2 Author Bios

Nancy Krieger, PhD (she/her) (Principle Investigator for The Public Health Disparities Training Project 2.0) is Professor of Social Epidemiology and American Cancer Society Clinical Research Professor, in the Department of Social and Behavioral Sciences, Harvard T.H. Chan School of Public Health (HSPH), and also Director of the HSPH Interdisciplinary Concentration on Women, Gender, and Health. She is an internationally recognized social epidemiologist (PhD, Epidemiology, UC Berkeley, 1989), with a background in biochemistry, philosophy of science, and history of public health, plus 35+ years of activism involving social justice, science, and health. Dr. Krieger’s work addresses: (1) conceptual frameworks to understand, analyze, and improve the people’s health, including her ecosocial theory of disease distribution focused on embodiment and equity; (2) etiologic research on societal determinants of population health and health inequities, including structural racism and other types of adverse discrimination; and (3) methodologic research to improve monitoring of health inequities. She launched the initial Public Health Disparities Geocoding Project in the late 1990s to improve monitoring, analysis and action on the entangled impacts of social class and racism on population health and health inequities.

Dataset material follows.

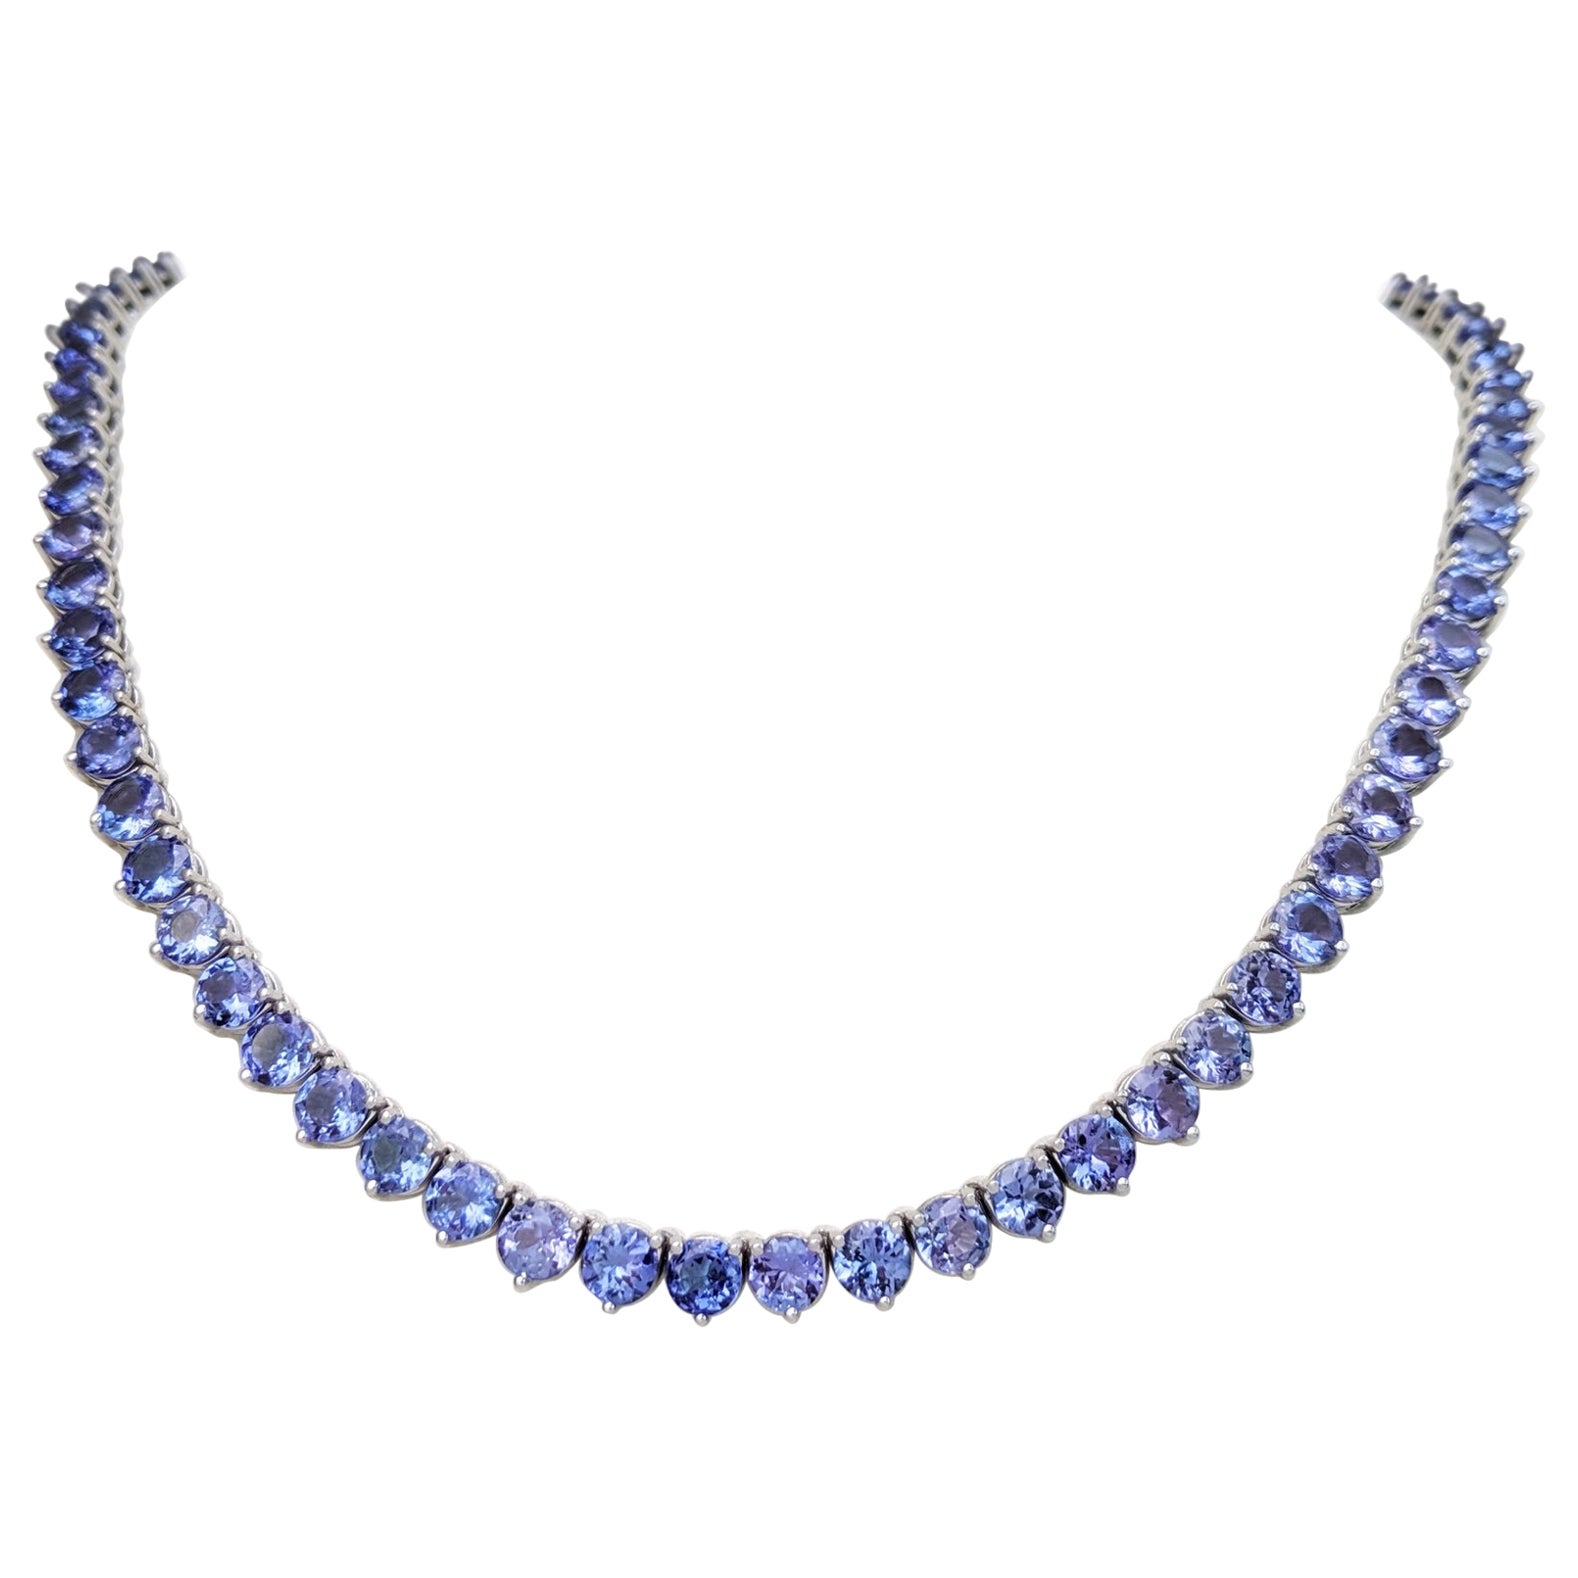 NO RESERVE! Necklace - 14 kt. White gold -  13.92 tw. Tanzanite For Sale
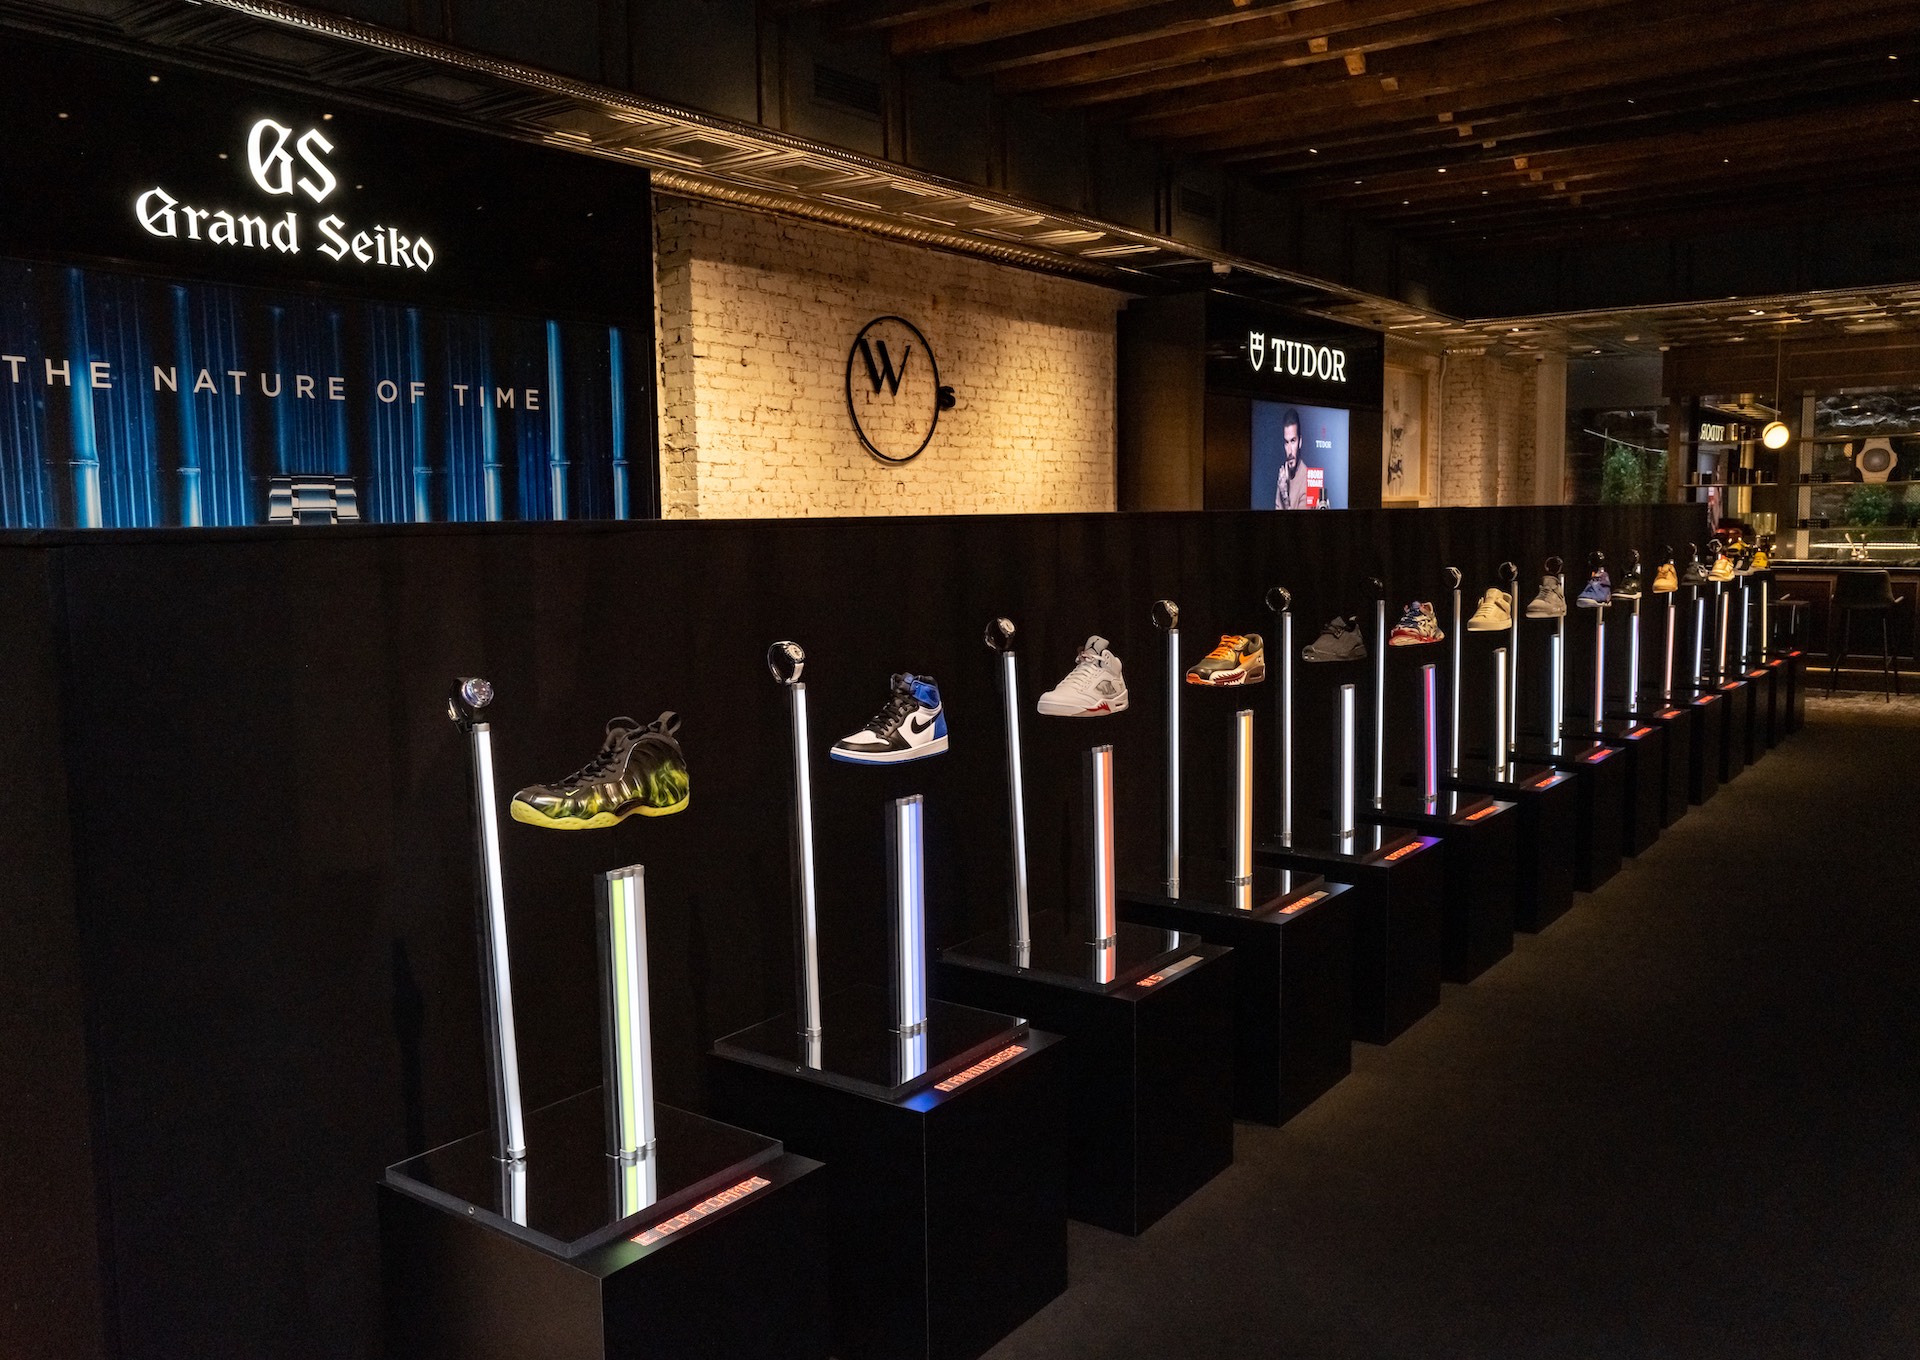 Watches Of Switzerland ‘Sneaker Time’ Exhibit In New York Pairs Watches & Shoes (Now-December 2nd)

Jarvis Chen (he/him) is a social epidemiologist and Lecturer in Social and Behavioral Sciences at the Harvard T.H. Chan School of Public Health. His research focuses on methods for analyzing and understanding social inequities in health, particularly in relation to structural racism and socioeconomic deprivation. As a methodologist, Dr. Chen’s interests include development of methods for geospatial and spatiotemporal analysis, disease mapping, and causal inference in social epidemiology. Dr. Chen is also Associate Director of the PhD in Population Health Sciences Program in Harvard University’s Graduate School of Arts and Sciences and teaches several quantitative research methods courses at the school.

Enjoli Hall (she/her/hers) is a PhD student in the Department of Urban Studies and Planning at the Massachusetts Institute of Technology (MIT). Her work focuses on building infrastructures of collective care and action to understand and intervene in political and economic determinants of health.

Dena Javadi (she/her) is a PhD student in Population Health Sciences in the Department of Social and Behavioral Sciences at the Harvard T.H. Chan School of Public Health. Her prior work has been in Health Policy and Systems Research, with a focus on intersectoral action for health. Currently, her research explores the structural determinants of work-related health and wellbeing.

Justin Morgan (he/him) is currently pursuing a Ph.D. in Population Health Sciences in the Social and Behavioral Sciences department. His research interests center on power and the political determinants of health, with a focus on the practition of community engaged research to assess and address health equity.

Tamara Rushovich (she/her) is s a current PhD candidate in Population Health Sciences. Her research focuses on the ways that social factors and societal structures shape health. Prior to starting her PhD, Tamara worked in social services in Washington, DC and as an epidemiologist at the Chicago Department of Public Health. She has a BA in Sociology and an MPH in Epidemiology from the University of Michigan.

Sudipta Saha (he/him) is a Population Health Sciences PhD student in the Department of Social and Behavioral Sciences at Harvard University. His current research interests are at the intersection of social epidemiologic theories and infectious disease models. He is particularly interested in treating racial capitalism as a fundamental cause of health inequities to understand/illustrate how broader political-economic forces shape such inequities. He has a BSc in Microbiology from the University of Toronto, and a Master of Science in Global Health and Population at Harvard T.H. Chan School of Public Health.

Christian Testa (he/him) is a statistical analyst and programmer focused on modeling health outcomes and characterizing health inequities. His ongoing work is focused on COVID-19, epigenetic aging, survey data collection and analysis, discrimination, and area based social metrics. Christian is particularly interested in the application of flexible machine learning approaches in causal inference as well as the use of data visualization for the effective communication of scientific findings and their associated uncertainty.